What does “build tight and ventilate right” mean when applied to multi-residential buildings? Sean Maxwell, AM.AIRAH, investigates.
Unless effective ventilation is used concurrently, the more airtight apartments are built, the more risks of condensation, mould, and negative health outcomes increase. To address these risks, the 2022 NCC requires continuous ventilation for airtight apartments. So, how widespread is the problem in Australia?
Data recently published in the CSIRO and ATTMA’s 2024 study “Air Tightness of New Dwellings in Australia” found that 39 per cent of apartments in the study were tighter than 5m³/hr.m² at 50Pa reference pressure, the threshold below which the 2022 NCC requires continuous ventilation. However, only a fraction (most located in ACT and VIC) actually had continuous ventilation. We know from anecdotes and popular media that condensation is a widespread concern in such cases.
The 2022 NCC provisions have good intentions but will have little effect. Ventilation is only required if an apartment is shown to be airtight through testing. By making testing and reporting – and by extension, ventilation – entirely optional, we allow the problem to continue. The ABCB has leaned in the right direction, it but must now act. Continuous ventilation makes so much sense it should always be required, as should airtightness testing.
But what kind of ventilation is adequate? Here are some simple arguments: 1) any mechanical ventilation is better than nothing; 2) distributed, balanced, filtered ventilation with a heat recovery system is better still; and 3) a path should be plotted for more controlled sources of supply air. To support these views, I will share data and some personal experience. We must acknowledge the shortcomings of simple systems and plot a better path forward.
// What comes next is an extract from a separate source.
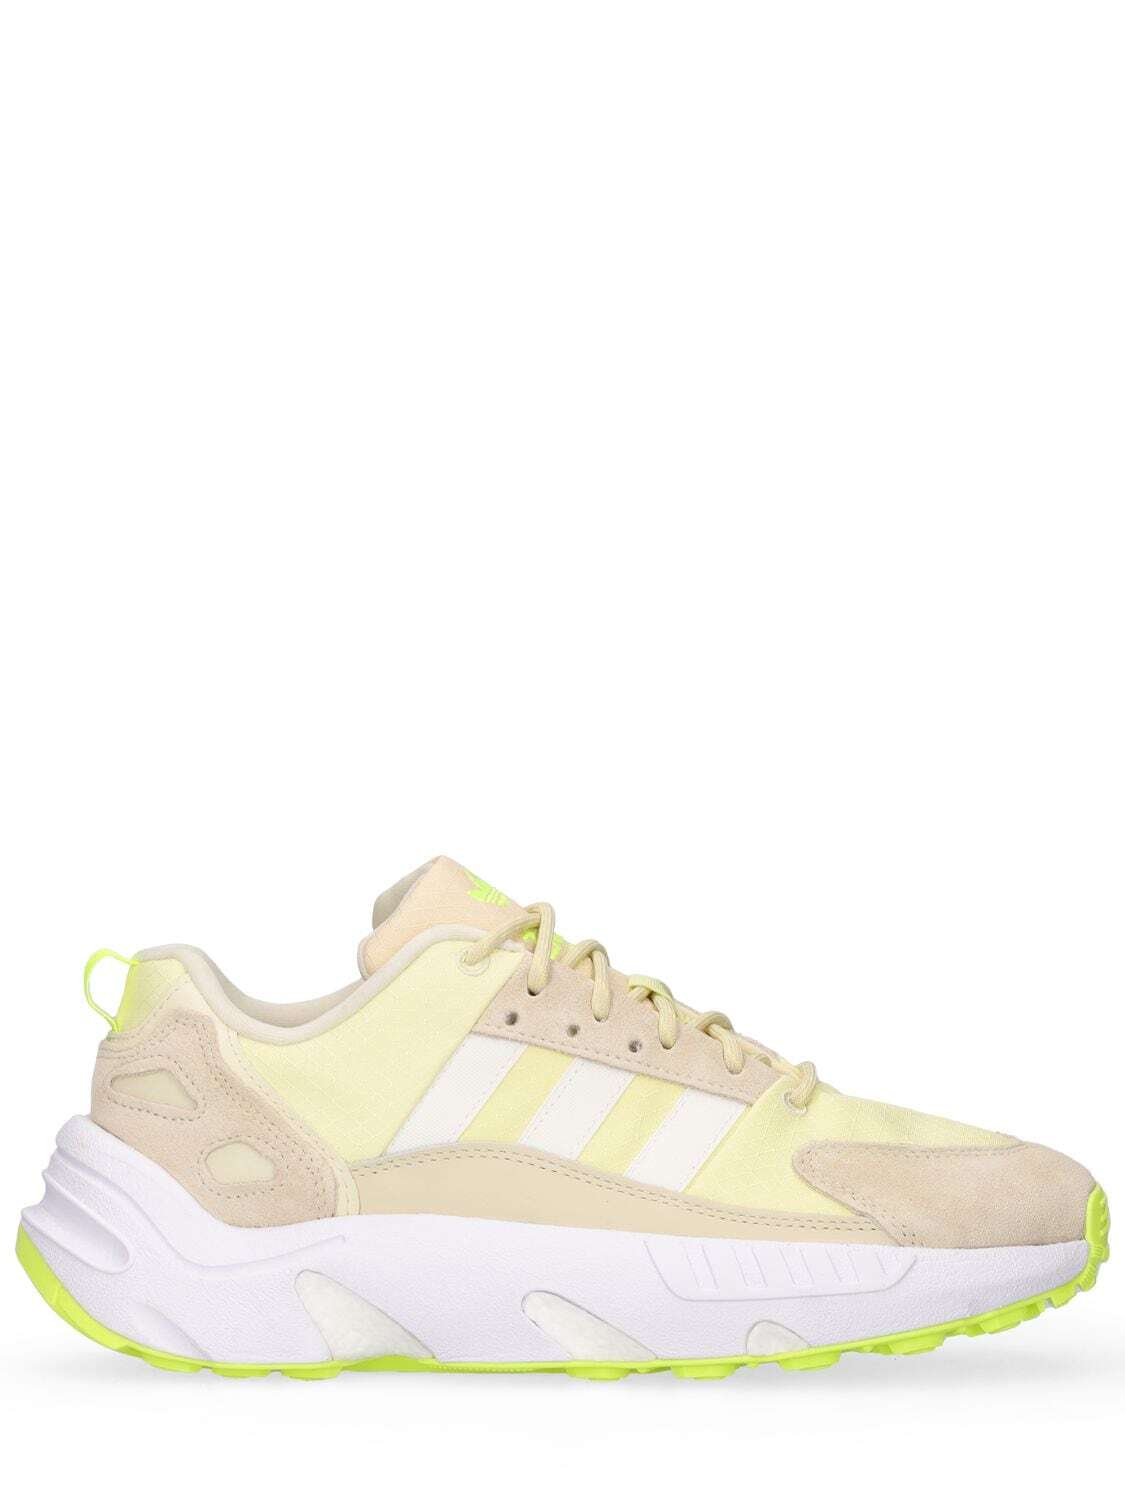 ADIDAS ORIGINALS Zx 22 Boost Sneakers in white / yellow
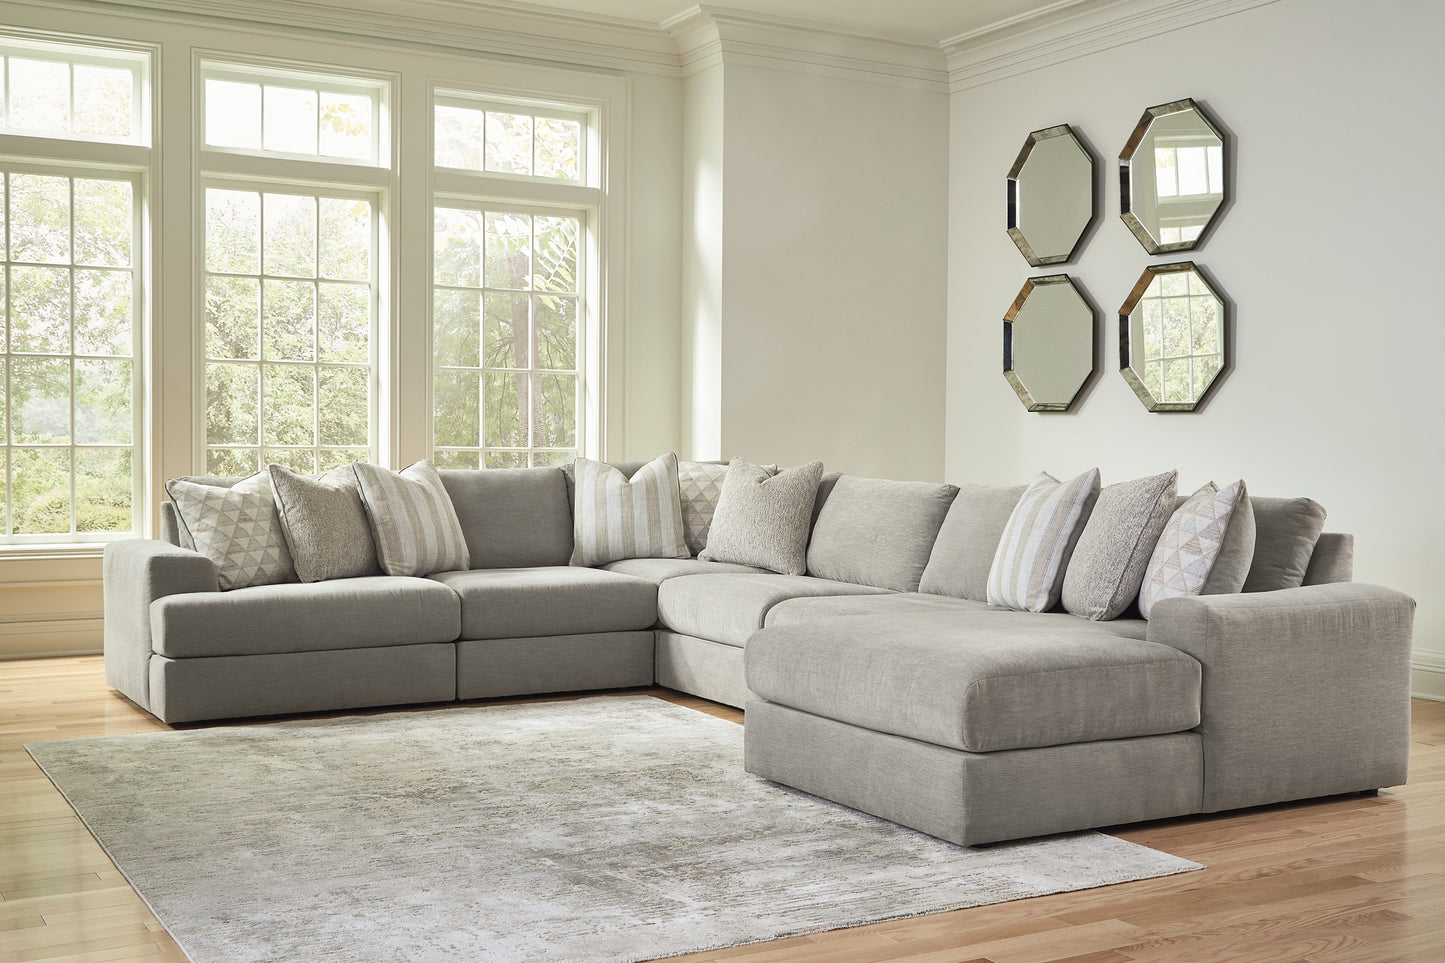 Avaliyah 6-Piece Sectional with Ottoman Signature Design by Ashley®

Natural versus mechanical ventilation
We can’t count on air leakage, openable windows or other “natural” ventilation strategies to provide consistent and continuous moisture removal. I can personally attest to their inefficacy. When I moved to Sydney Australia, I lived in a very leaky apartment (>18m³/hr.m² @ 50Pa). Its old “openable” windows were in effect “not closable”. Because the apartment was so cold, it was impossible to keep surfaces and contents above the dewpoint. Mouldy clothes and furniture resulted.
We moved to another apartment also in Sydney, but it was very airtight (<3m³/hr.m² @ 50Pa). It shared a roof-mounted ventilation system with the other 12 apartments in the block and this provided levels of continuous exhaust, about 15 litres per second combined from two bathrooms and a laundry in our unit. The effectiveness of continuous ventilation in interior moisture management was tested when the roof fan was being repaired one winter morning in 2021. Condensation collected on the single-glazed aluminium glass doors in a bedroom, until the roof fan repair was complete. Within one hour, the condensation was gone. Simple, but effective.
This is only one example, but it proves a point: Even a very airtight apartment can greatly reduce condensation with a simple continuous ventilation system. Comparing the first building built in the 1920s to the second built in the 1980s, the thermal performance of the building fabric was similar; both had uninsulated masonry walls and single-pane glazing. Neither building had permanent heating.
Tight buildings with simple ventilation can often avoid many condensation-related issues. While the 2022 NCC provision for ventilating tight apartments will help with condensation, it also helps address particulates and myriad other indoor pollutants that accumulate gradually.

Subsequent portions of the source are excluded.